In 2018, Britt won 8,000 more votes in Robeson County than the Republican directly above him on the ballot, congressional candidate Mark Harris. Those votes may end up making the difference in Harris’s congressional contest, which now seems headed for a do-over in light of a very narrow result and allegations of ballot fraud. Lumbee leaders with whom I spoke suggested that Democrat Dan McCready outperformed Harris among the tribe’s voters because he showed up in their communities more often than Harris.

“I think there are just certain voters who are not going to be taken for granted,” Britt says. They want to know that their candidate is “working” and they want to know that “they’re working for them.”

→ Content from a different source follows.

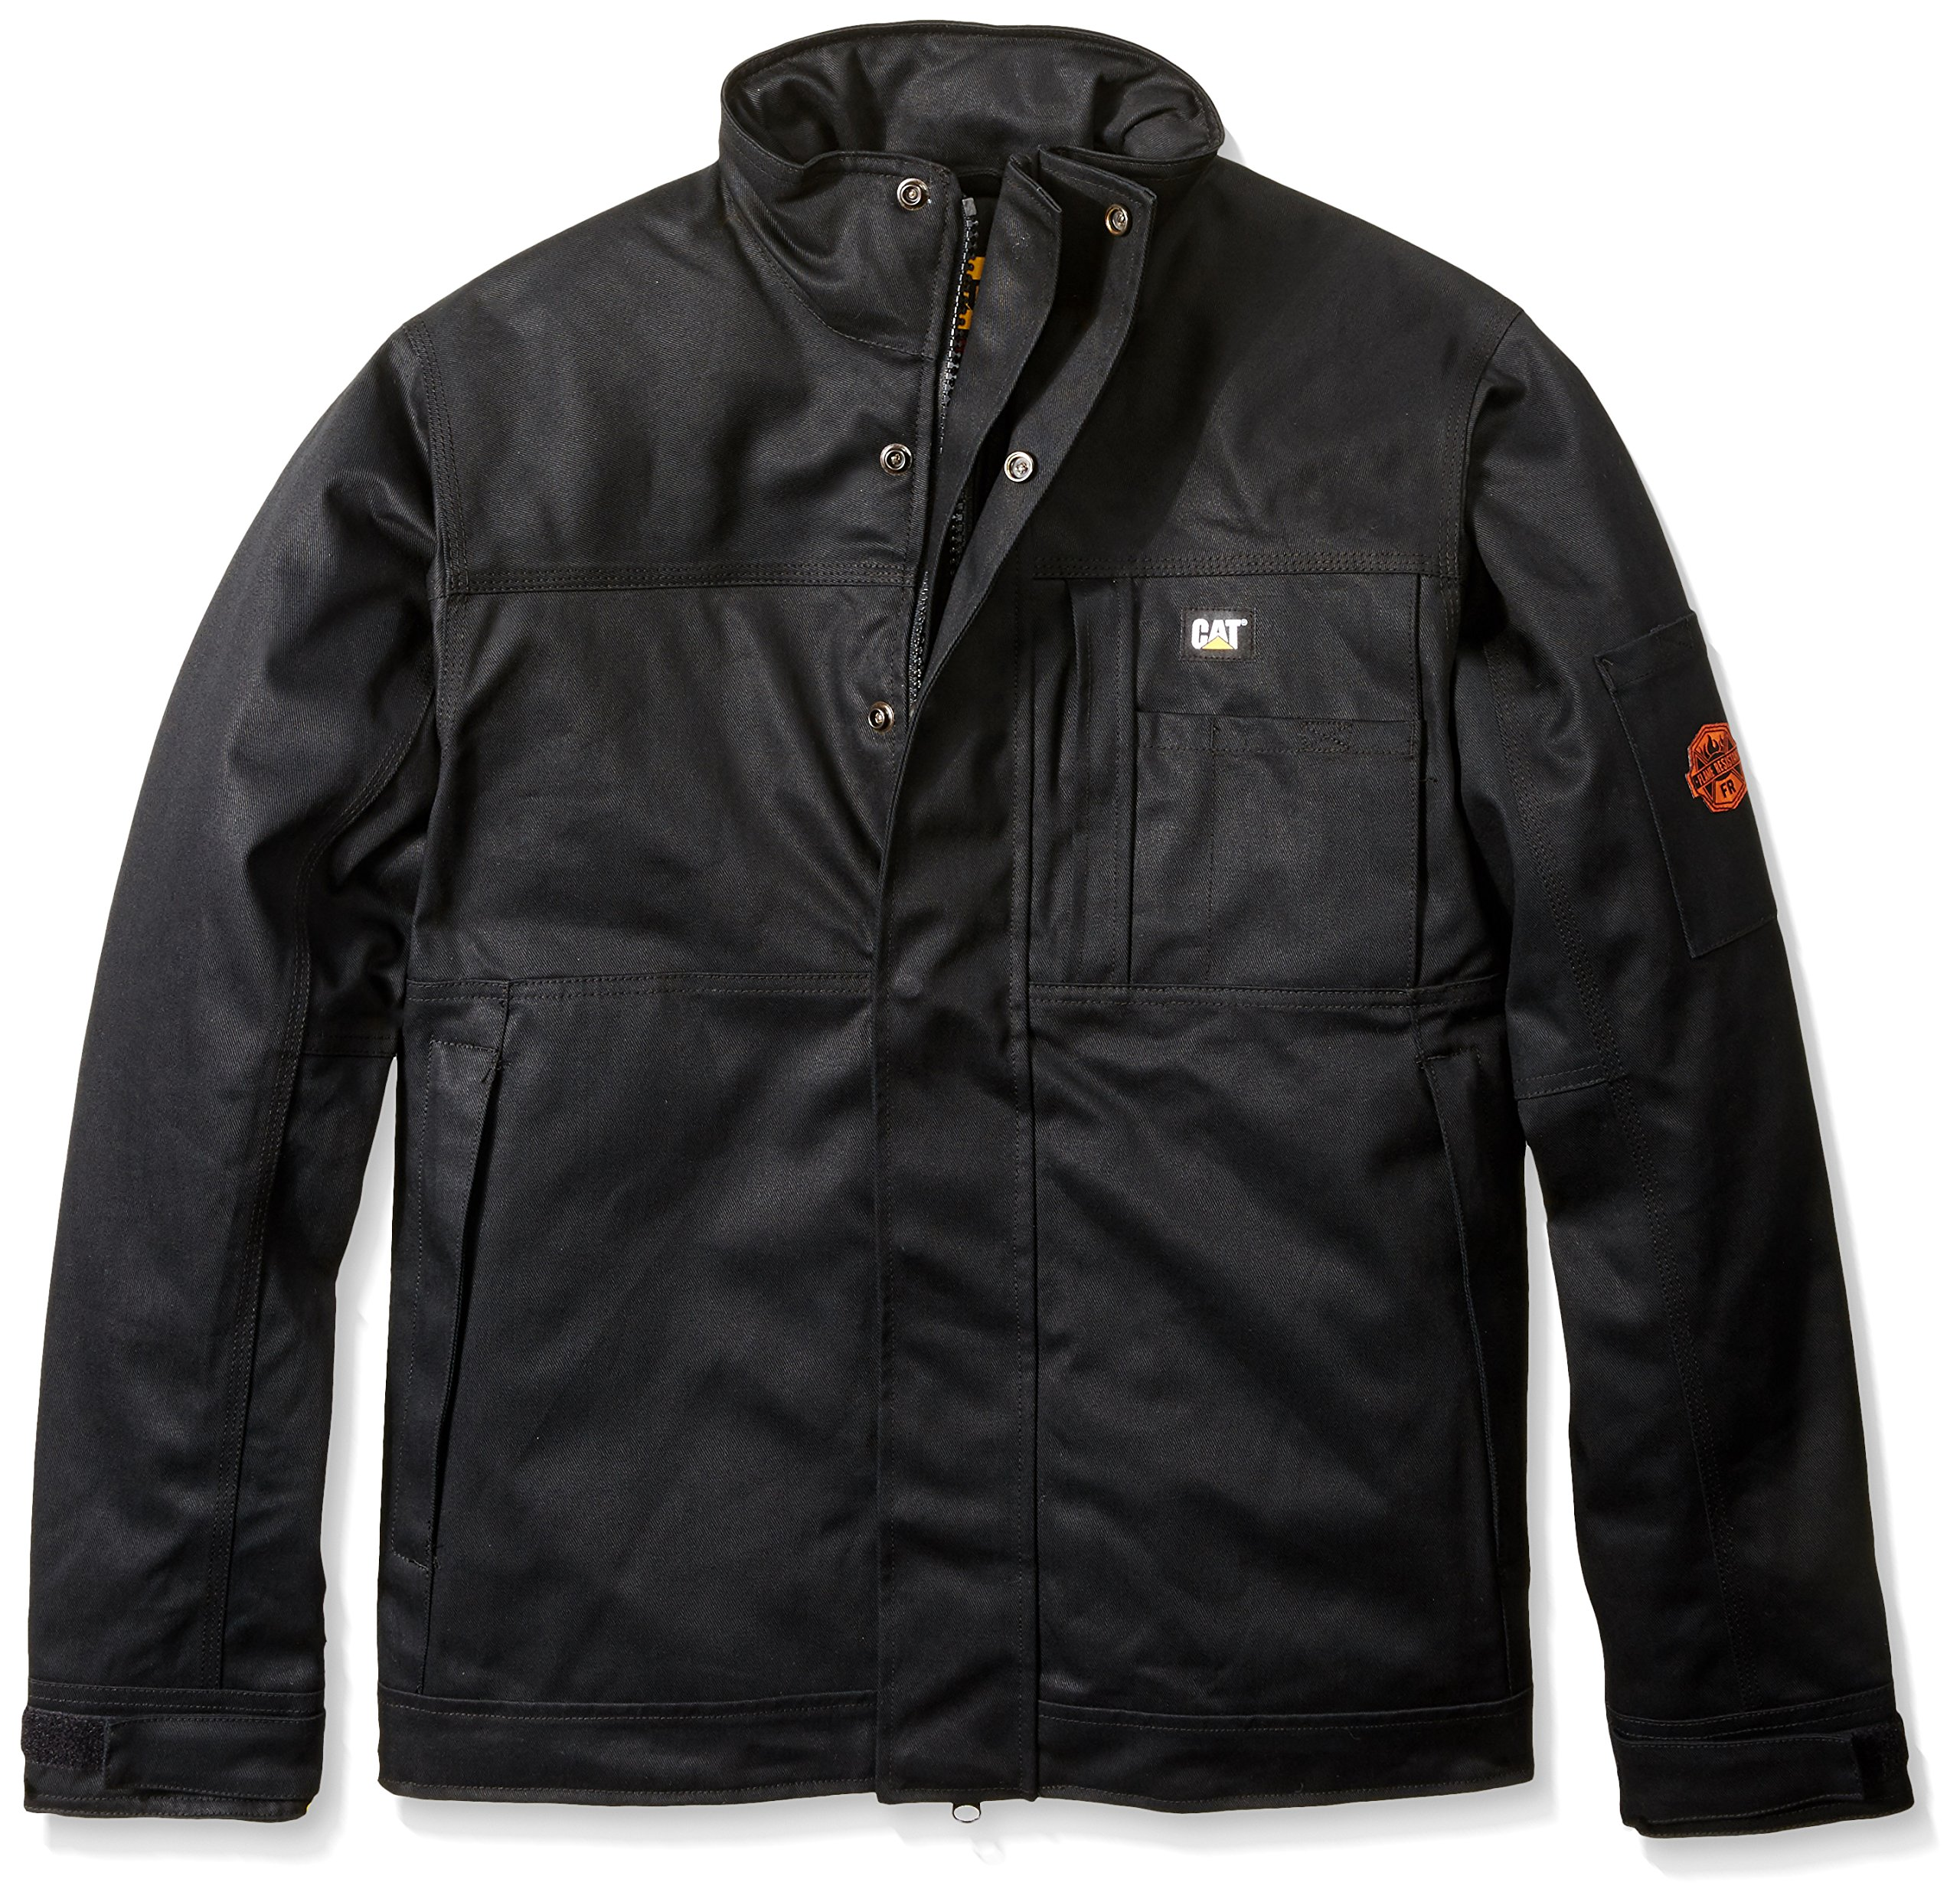 Caterpillar Men's Flame Resistant Insulated Jacket, Flame Resistant Black, X-Large by Caterpillar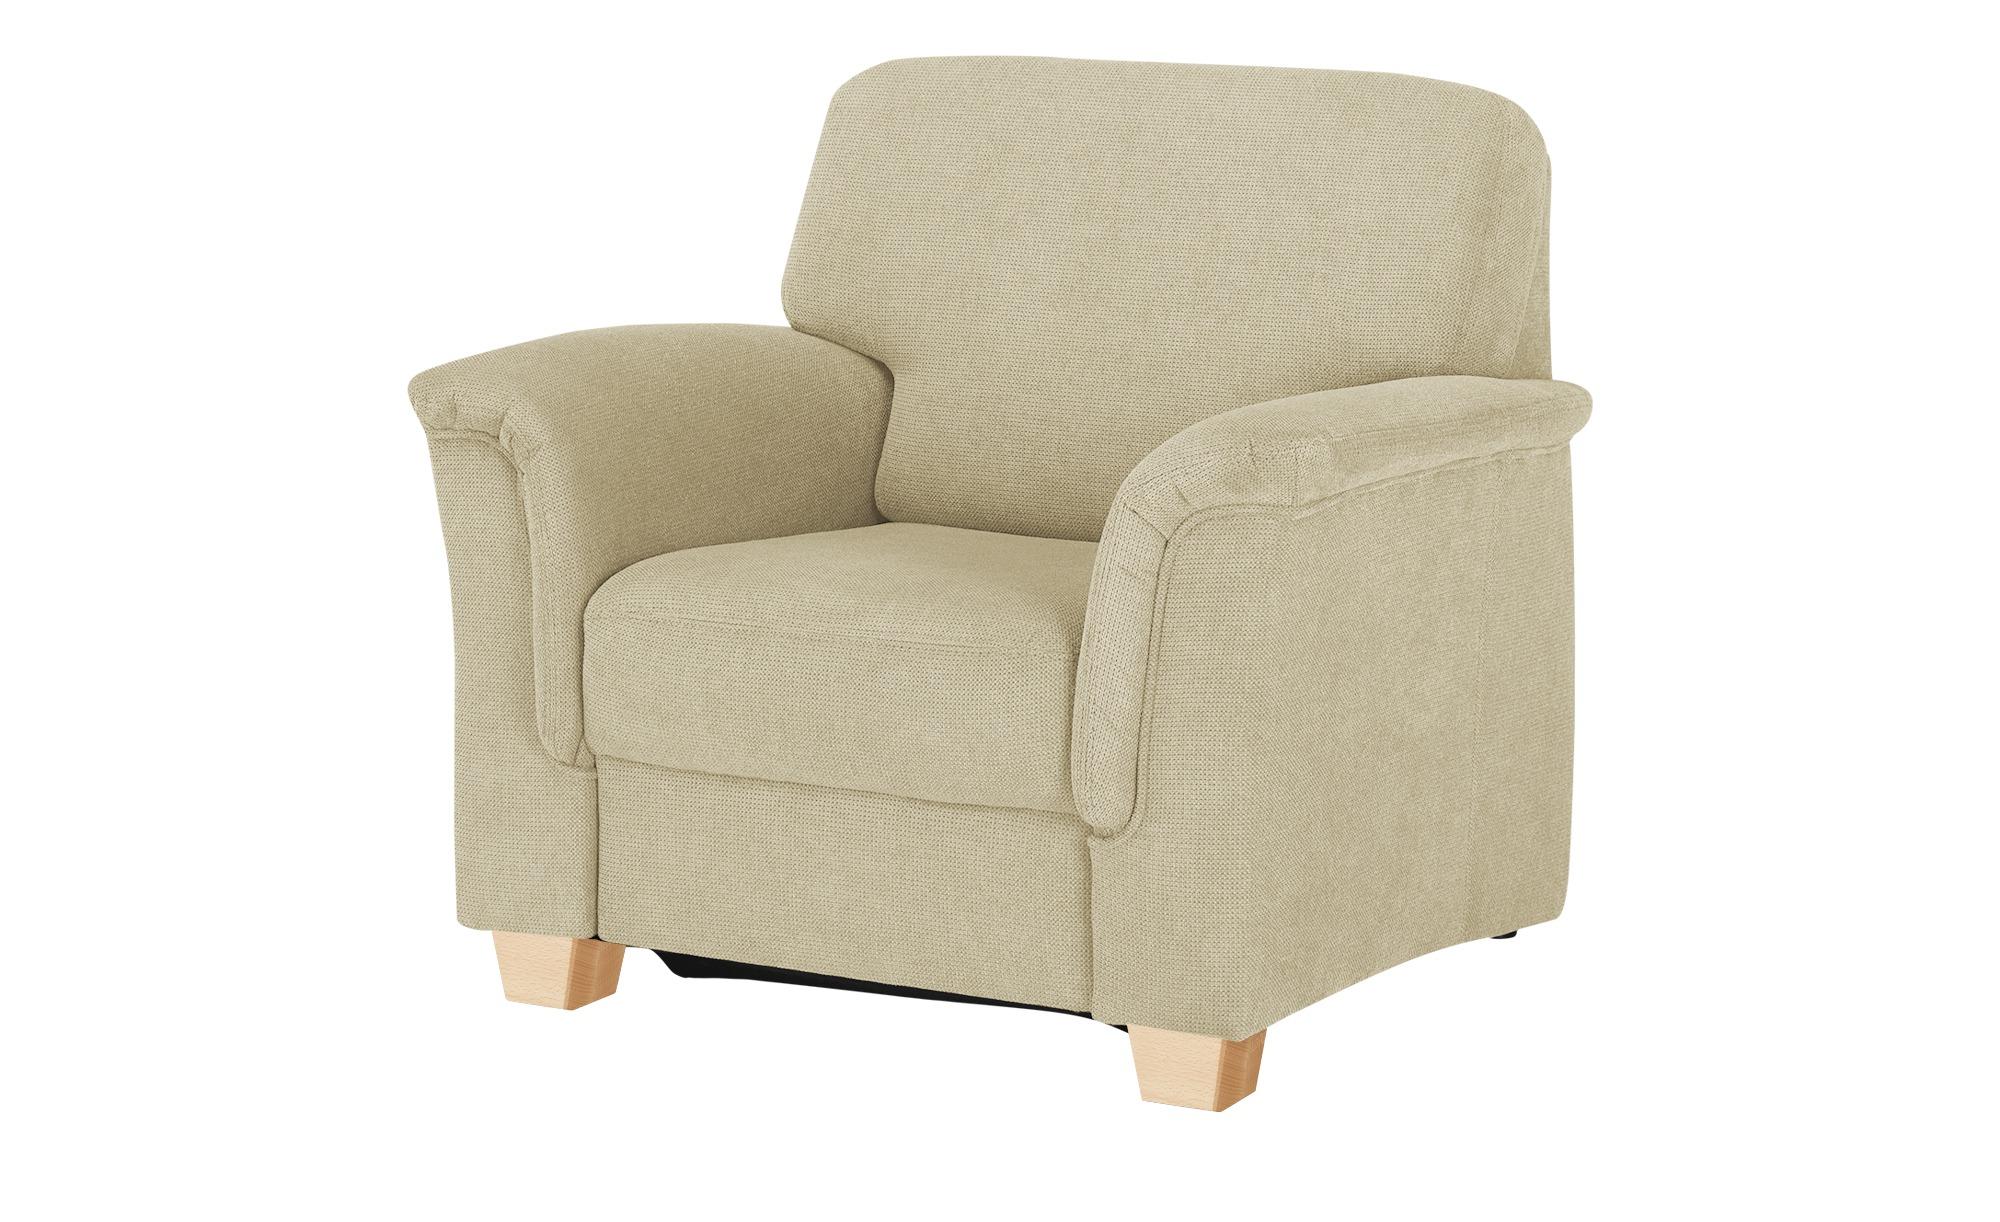 smart Sessel  Valencia ¦ creme ¦ Maße (cm): B: 100 H: 90 T: 93 Polstermöbel > Sessel > Polstersessel - Höffner

Neither Scott nor Britt won by altering their core conservative messages. They didn’t have to. The Republican party’s pro-business, socially conservative message appeals to many Hispanic and Native American voters.

But ideology matters less to voters than political professionals often suppose. That’s especially true for new and historically marginalized voters and those enduring personal hardship. While other candidates focused solely on policy and politics, Scott and Britt focused on lending a hand. As Britt told a reporter when Hurricane Florence struck last fall, “In my community right now, taxes and those issues are not as important as hurricane recovery.”

Republicans don’t need to wait for calamity to strike to let minority voters know that they care, nor should they. All they need to do is be present in and responsive to the communities they hope to serve.